# Deaf/hard of hearing



## gohabs1985 (Mar 20, 2010)

Anyone have experience with a deaf or hard of hearing bird dog? I have a Llewellin setter who has a high level of hearing loss and/or a low level of total deafness. She can hear certain things but we have been so far unable to identify a pitch or level of sound that consistently work. 

Trying to figure out the best tactic for training her so she can hunt off a check leash. She does ok with checking in visually but is not consistent enough to take her off the lead yet. 

Anyone ever train a dog with hearing loss from birth? Obviously totally different if the dog is already trained and then loses hearing so that really wouldn't help. Any good books, area trainers, etc.?


----------



## Snakecharmer (Apr 9, 2008)

Not familiar with that breed but I know that birth deafness is a significant problem with Dalmatians so you may want to search along that path.


----------



## Misdirection (Jul 16, 2012)

They make a training/hunting collar that vibrates instead of beeps for the warning. Get one of those and a 30' lead. Start training on vibrate to return (press button to vibrate and then retrieve lead). Once the dog is in sight of you, you can work on hand signals for other options.

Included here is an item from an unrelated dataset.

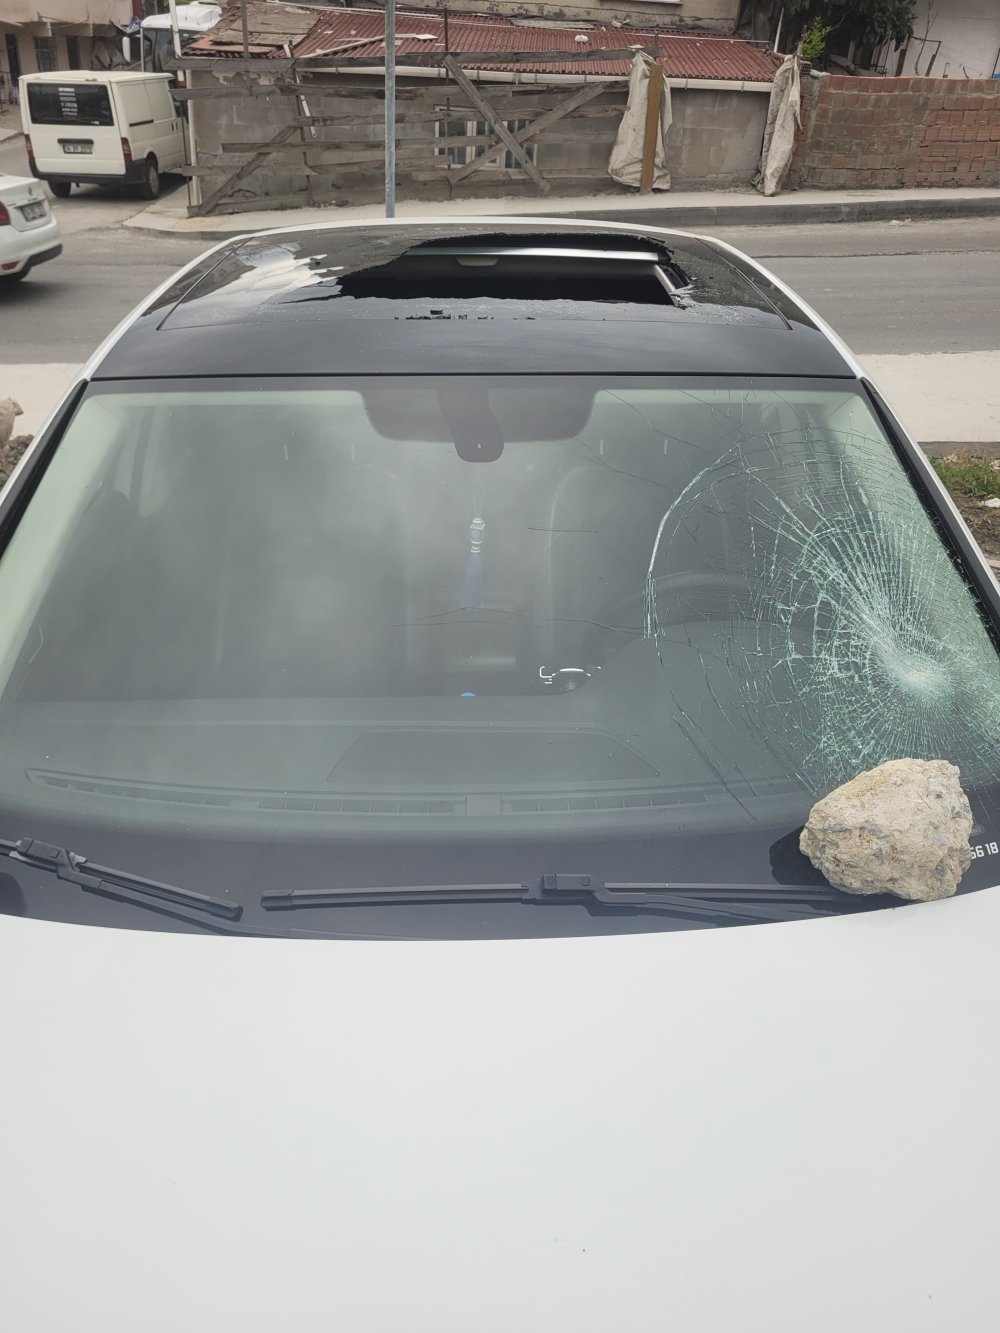 Akraba ziyaretine gelen ailenin aracının camları kırıldı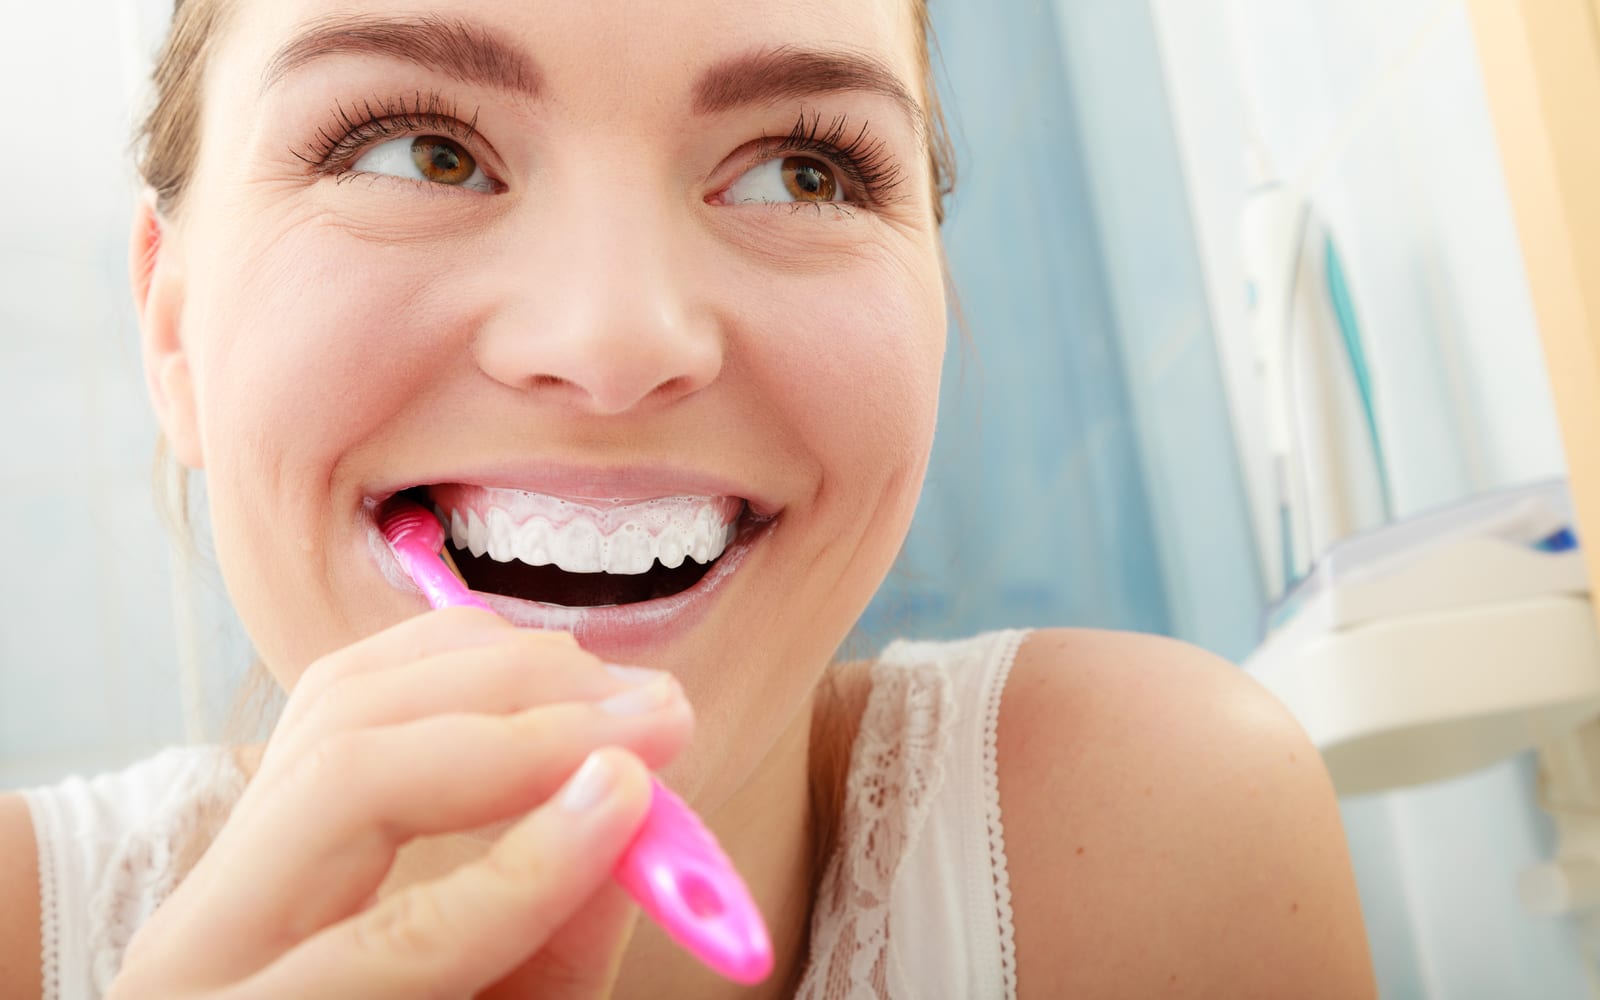 Woman smiling while brushing

Sent from my SM-A505U using Tapatalk


----------



## 202 SportFish (Sep 23, 2014)

I agree with the vibration collar, I have 13 yr old Boykin spaniel, that still has the eyes nose and legs but is deaf. I bell her also so I can follow her in the high grass. And sometimes I have to send my 8yr old male to get her. 
Keeping hunting her just work with the limitations and good luck..


----------



## ckfowler (Jul 14, 2008)

GPS and ecollar combination would allow you to know where they are as well as vibrate or Nick for recall. Different tone whistles might be worth a try for giving commands but I won’t hunt even my hearing dogs without GPS collar any more. So much peace of mind.


----------



## parkerss3nm (Dec 30, 2019)

> Not familiar with that breed but I know that birth deafness is a significant problem with Dalmatians so you may want to search along that path.


Where did you hear about Dalmatians ?


----------